Exercise description:
Leaving all pictures out, output exactly and only the line containing "Buchstabenort München Poster" and the lines that follow it to the end of the material below.

Provided data:
□ □ □ □ □

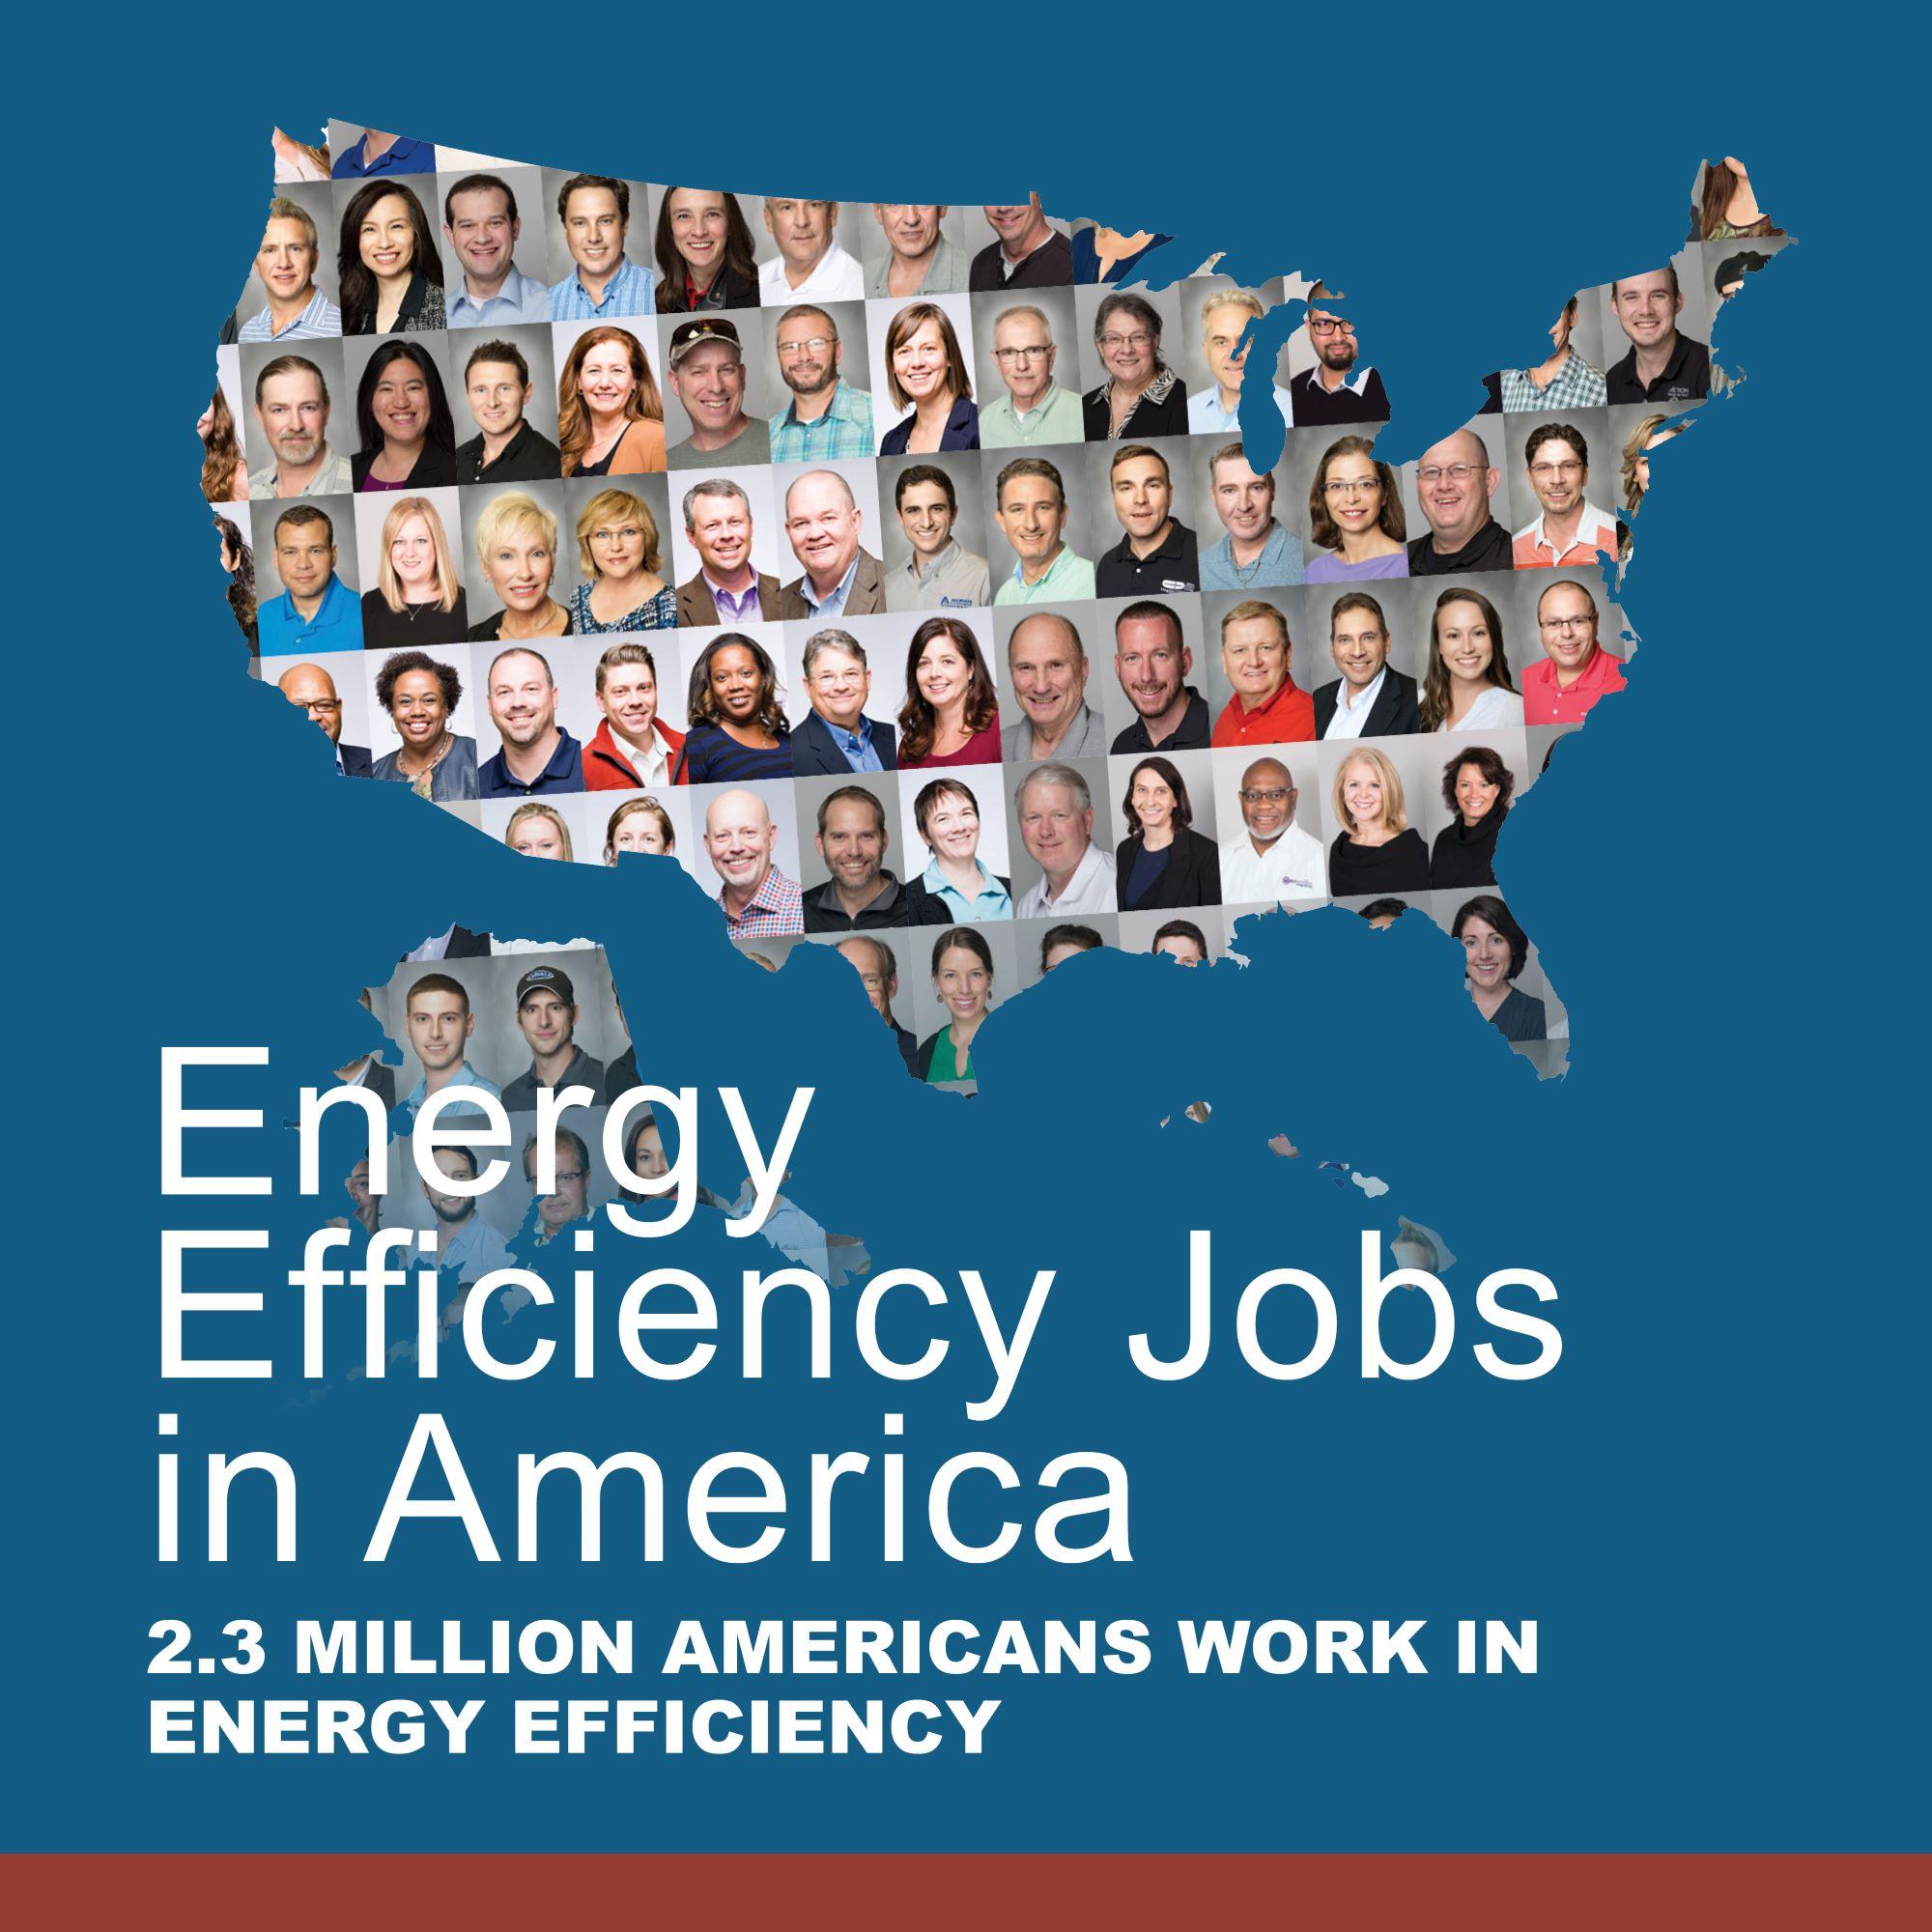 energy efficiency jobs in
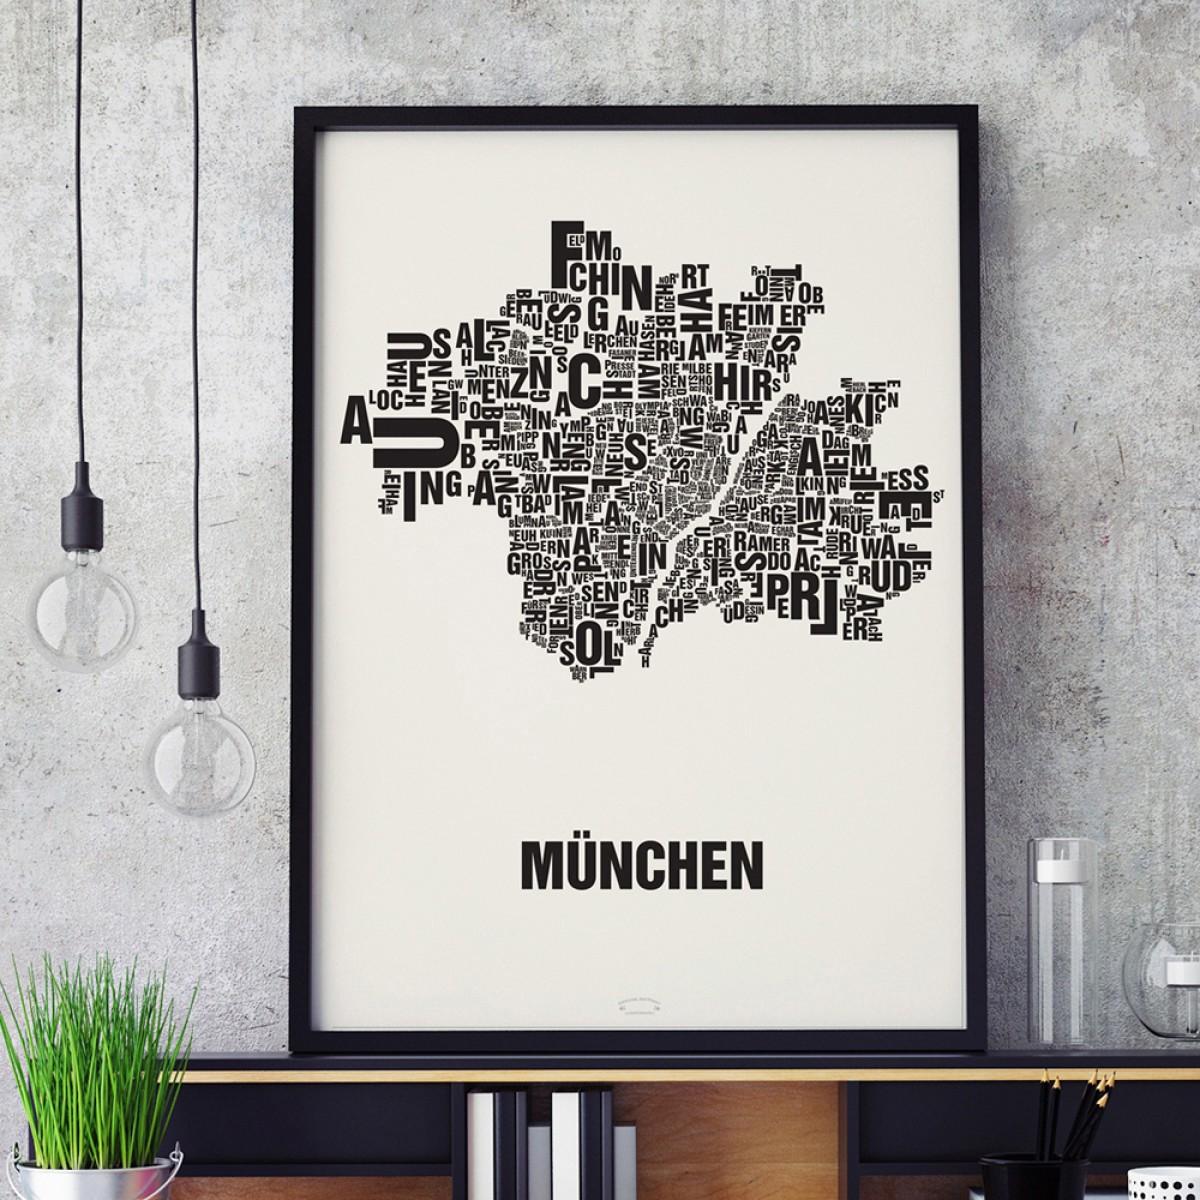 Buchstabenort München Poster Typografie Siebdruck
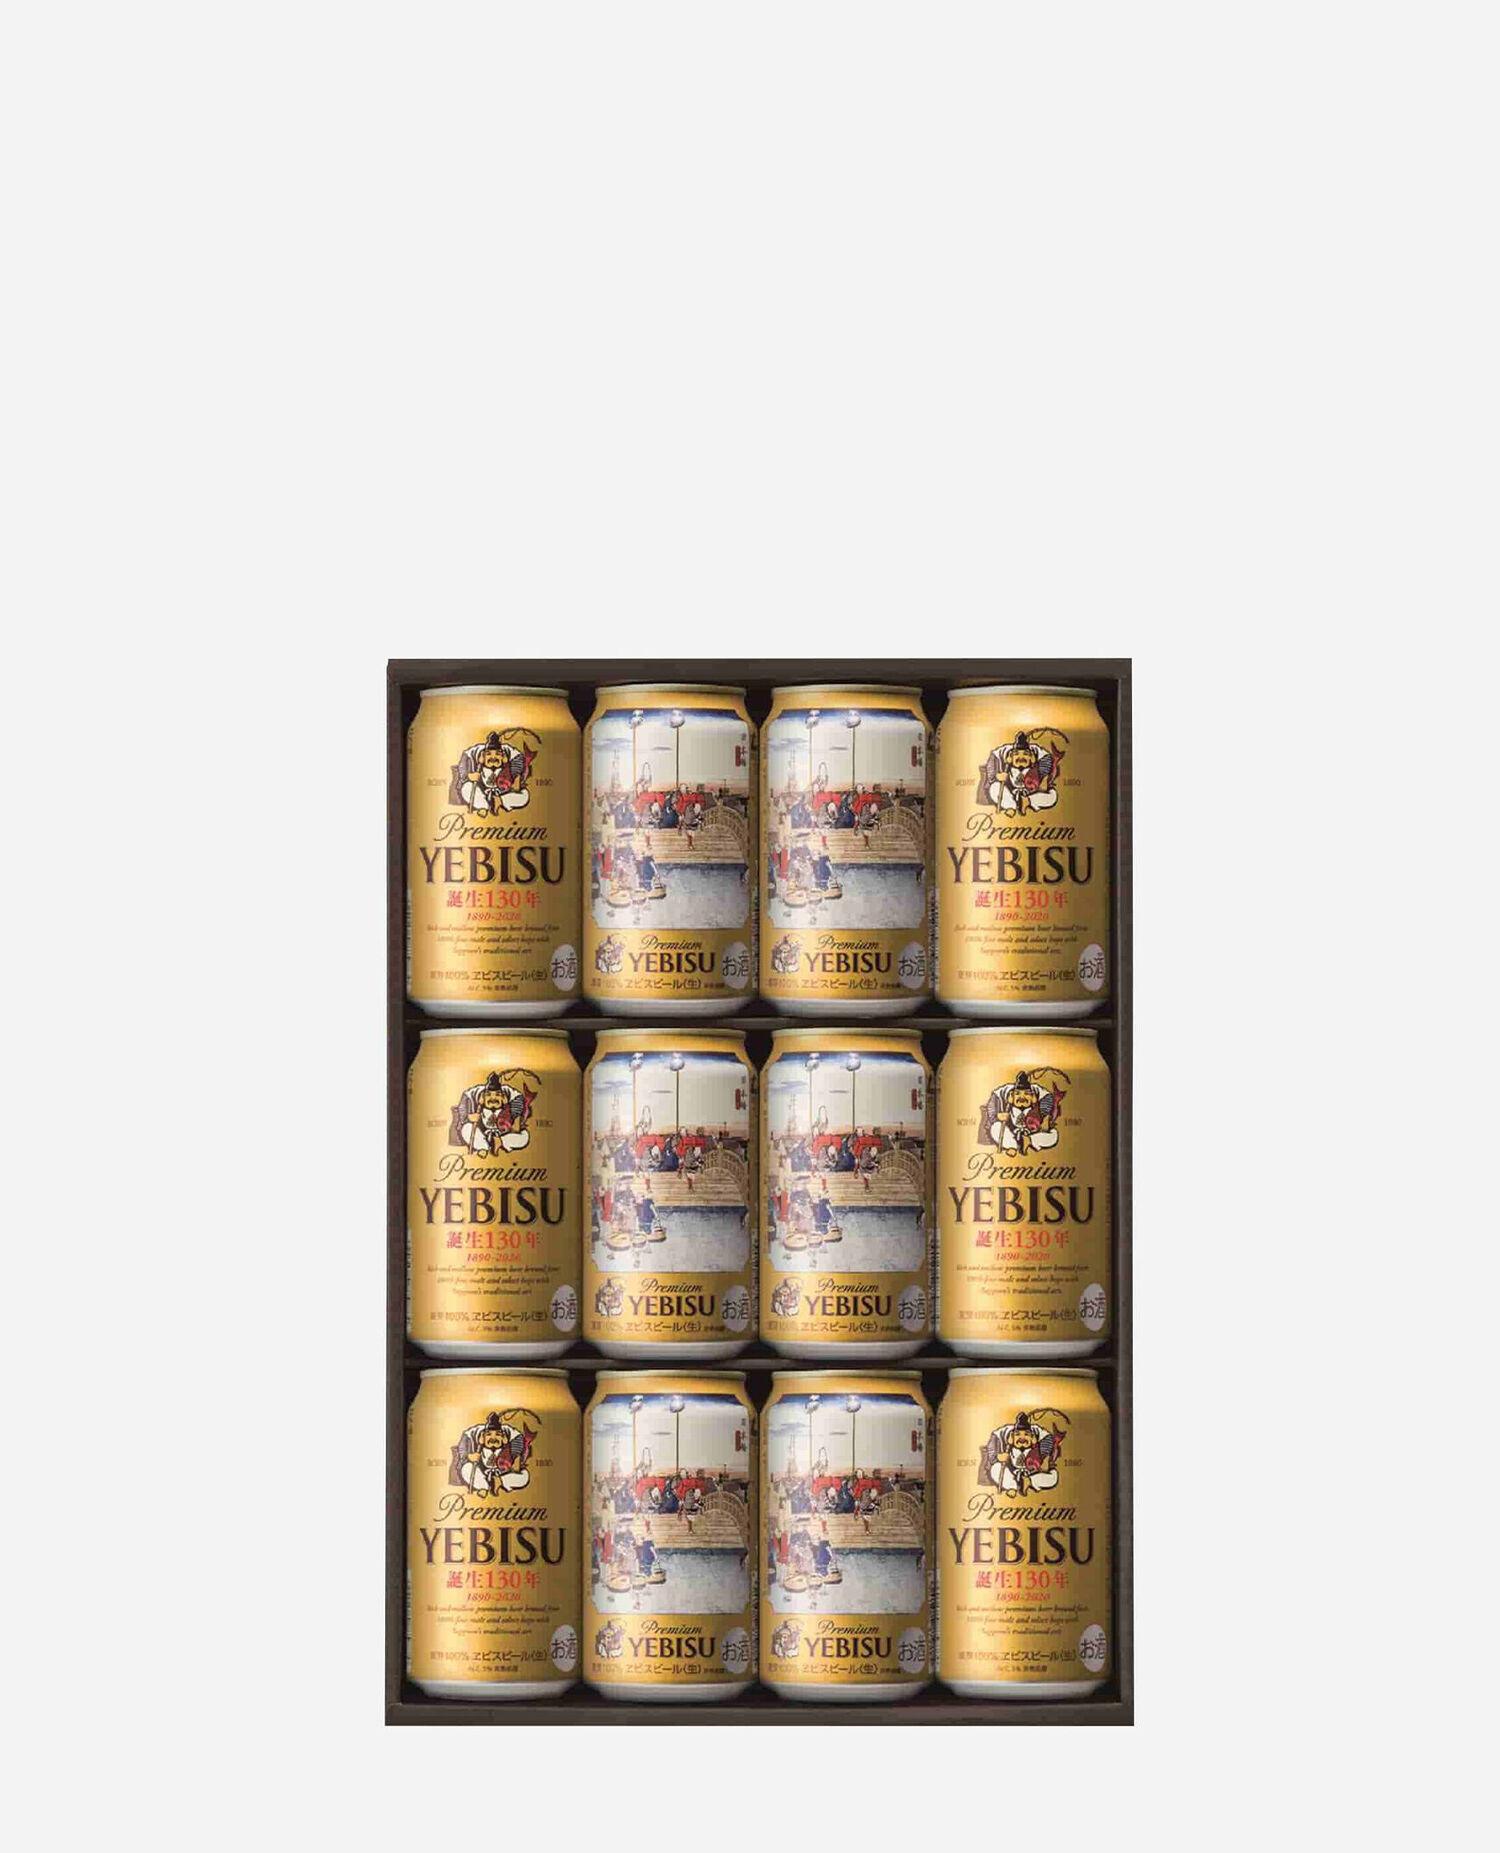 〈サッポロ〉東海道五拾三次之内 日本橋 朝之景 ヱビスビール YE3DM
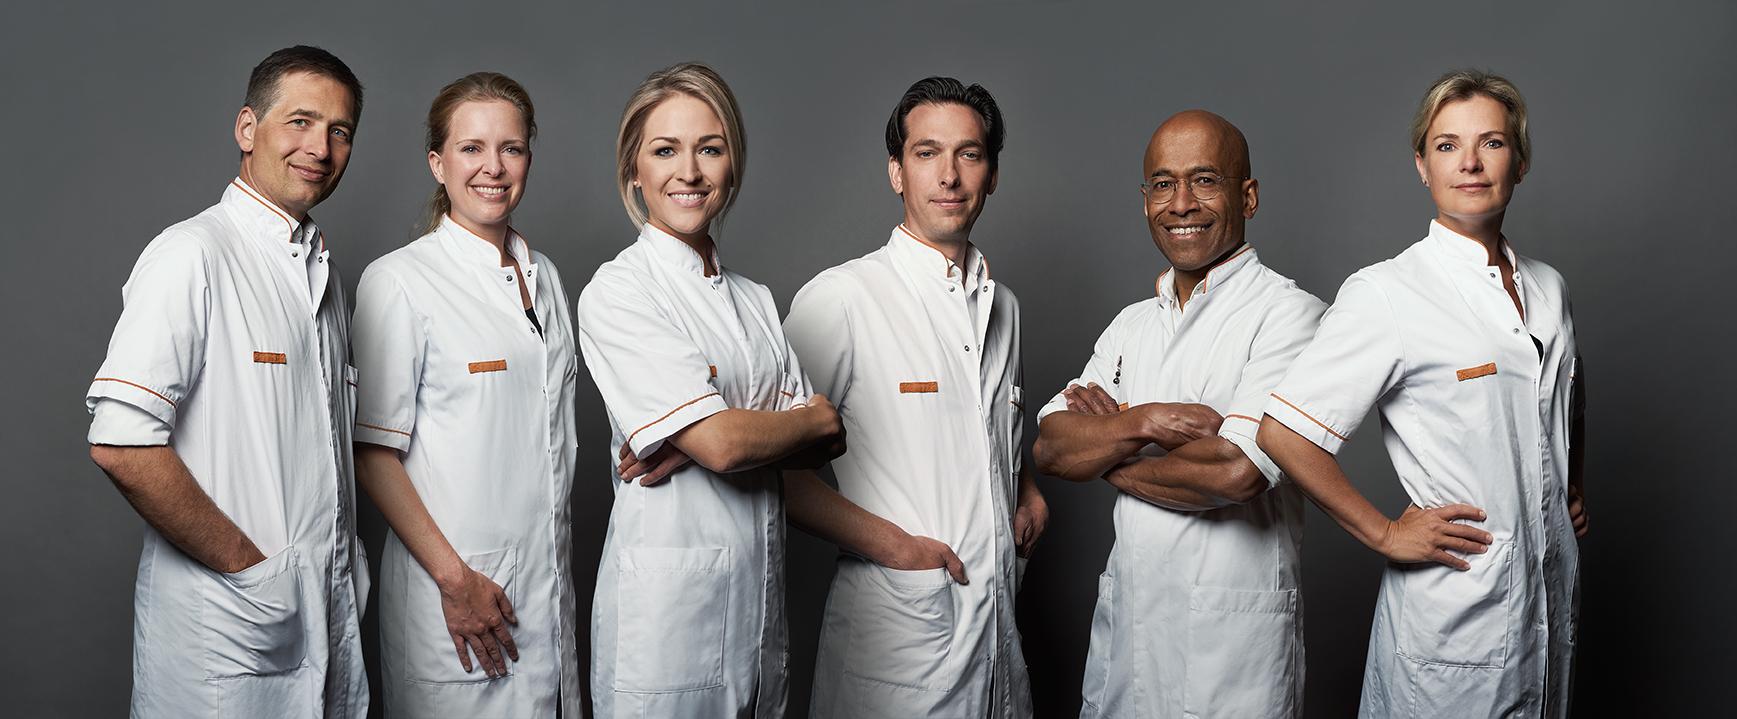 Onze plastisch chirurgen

□ □ □ □ □

Reply:
 Buchstabenort München Poster Typografie Siebdruck
 〈サッポロ〉東海道五拾三次之内 日本橋 朝之景 ヱビスビール YE3DM
 Onze plastisch chirurgen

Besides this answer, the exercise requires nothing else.